# TurboTax - entering 2k total for rideshare?



## Jay Dean (Apr 3, 2015)

Sorry if this has already been posted, in the previous years I went the small business route entering taxes into turbo tax now I just need to enter 1k for Uber and 1k for lyft since I didn’t drive much, do you know the easiest way to enter this as income? Is it 1099? You would think there would be a template created in TurboTax since half the population has to drive it seems.

Thanks for any info


----------



## WAHN (May 6, 2019)

Just finished up with Turbo Tax about 3 hours ago.

Apparently, 3 hours exceeds my short term memory capacity.

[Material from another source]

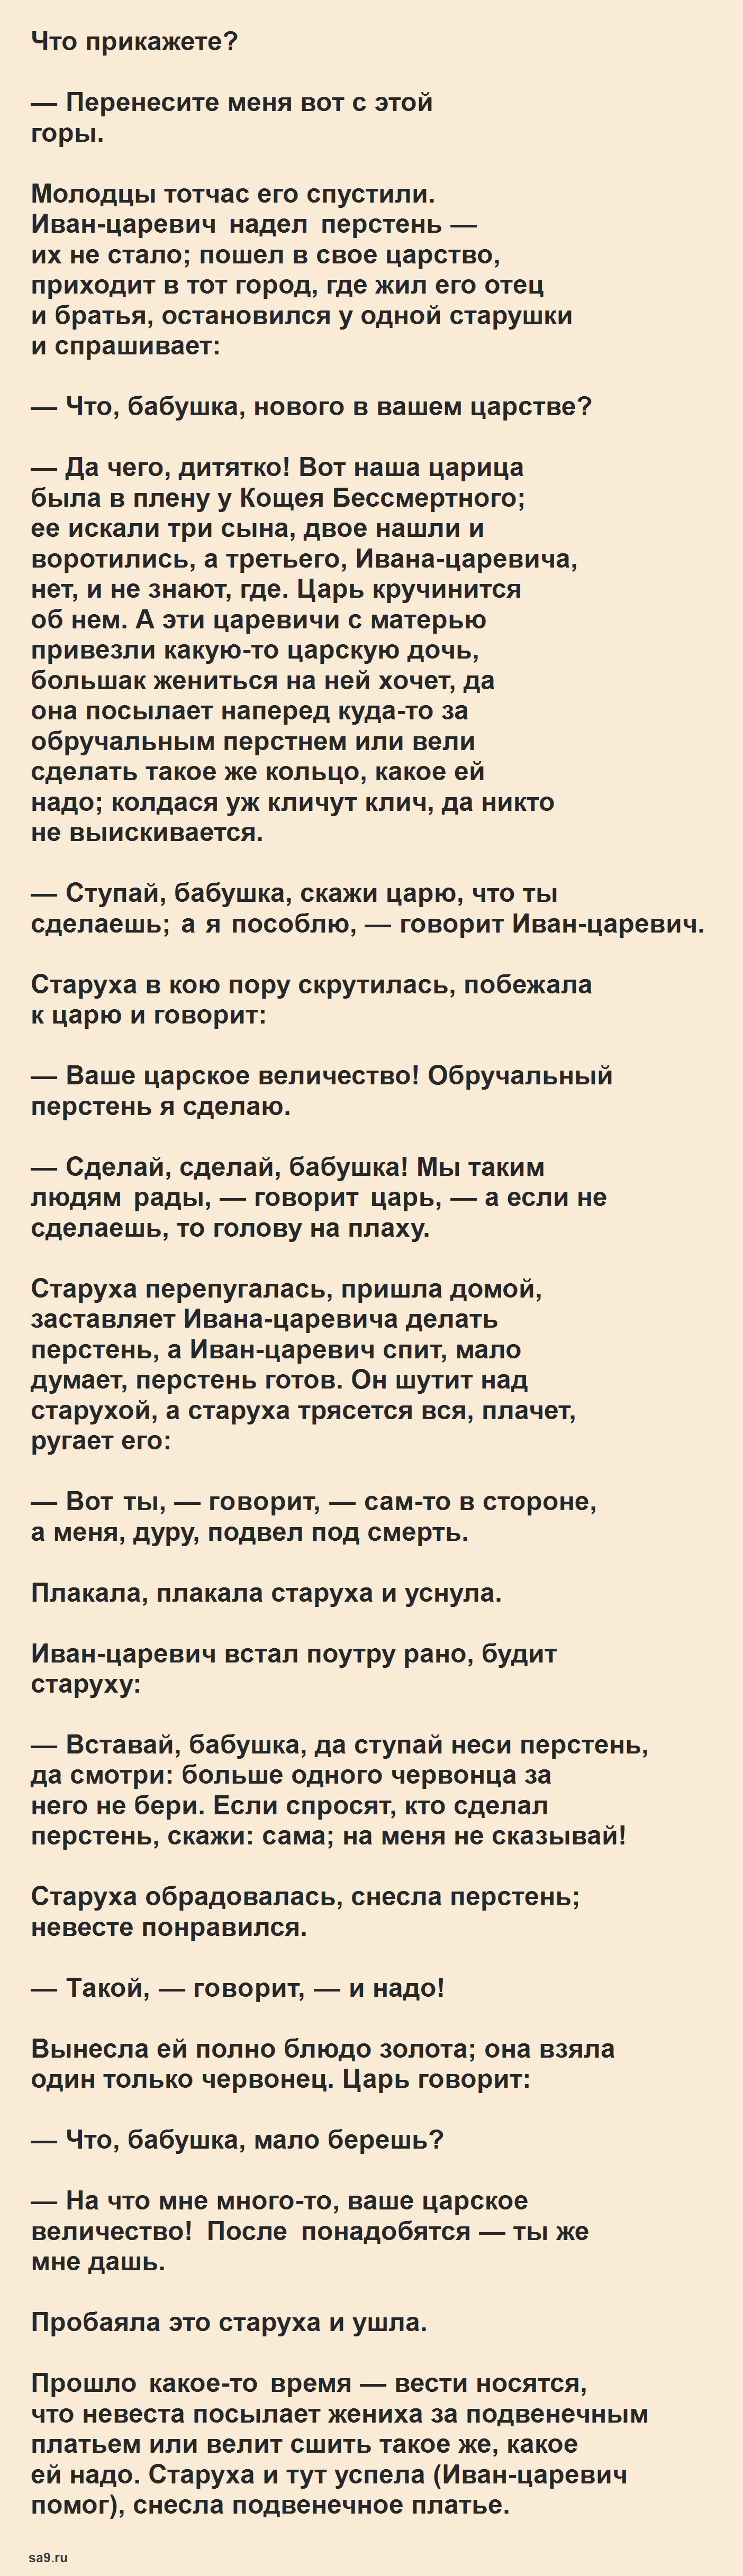 Кощей Бессмертный - русская народная сказка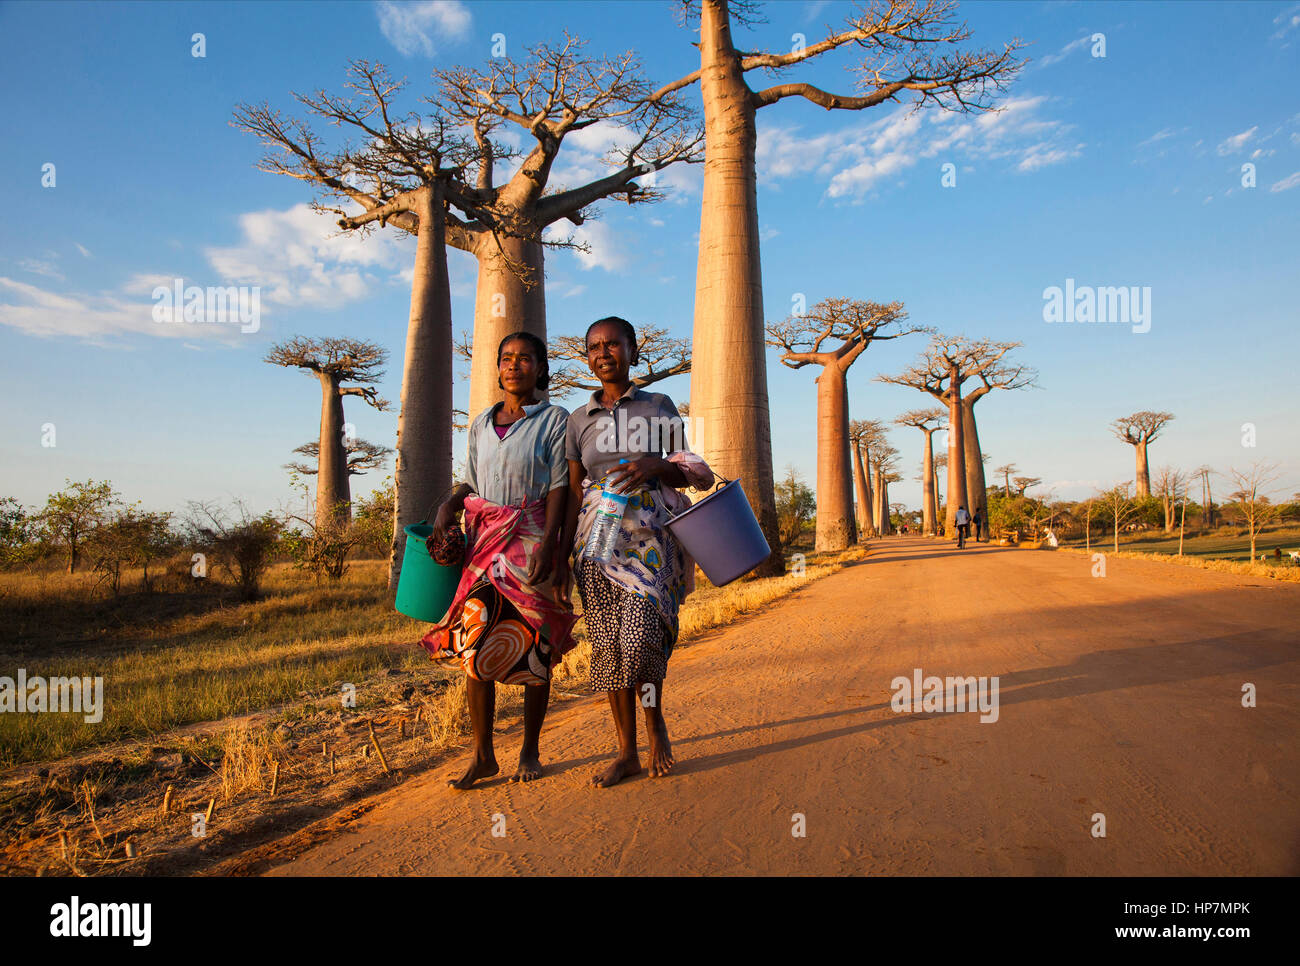 Madagassische Frauen an der Allee der Baobabs, Morondava, Baobab Allee, Adansonia grandidieri, westlichen Madagaskar, von Monika Hrdinova/Dembinsky Foto Assoc Stockfoto

I believe when I chose self-employment income, it gave me a list of types.... 1099misc, 1099k, etc.


----------



## Older Chauffeur (Oct 16, 2014)

IIRC, (haven’t started my returns yet) T/T asks you about income not reported on a 1099. I used to have a few clients who I drove only sporadically and who didn’t always pass the $600 threshold, and I was still able to input the information.


----------



## CaptainToo (Dec 5, 2017)

See below










Here's where the 1099-Ks go.


----------



## Jay Dean (Apr 3, 2015)

Well for my situation I finally figured out to put in Schedule C and it gives you option to log on to lyft or Uber’s website to get info and integrate ...Uber’s didn’t work naturally but lyfts did. Thank god this is my last year messing with this, guess I’ll keep seeing if it can connect to Uber’s website as time passes, have until April. I could enter it manually but rather there is a trail of official input of numbers incase slim chance of audit


----------



## Stevie The magic Unicorn (Apr 3, 2018)

Jay Dean said:


> Well for my situation I finally figured out to put in Schedule C and it gives you option to log on to lyft or Uber's website to get info and integrate ...Uber's didn't work naturally but lyfts did. Thank god this is my last year messing with this, guess I'll keep seeing if it can connect to Uber's website as time passes, have until April. I could enter it manually but rather there is a trail of official input of numbers incase slim chance of audit


I'm skeptical anything will go in accurately, i would just take the 30 seconds and manually enter it.


----------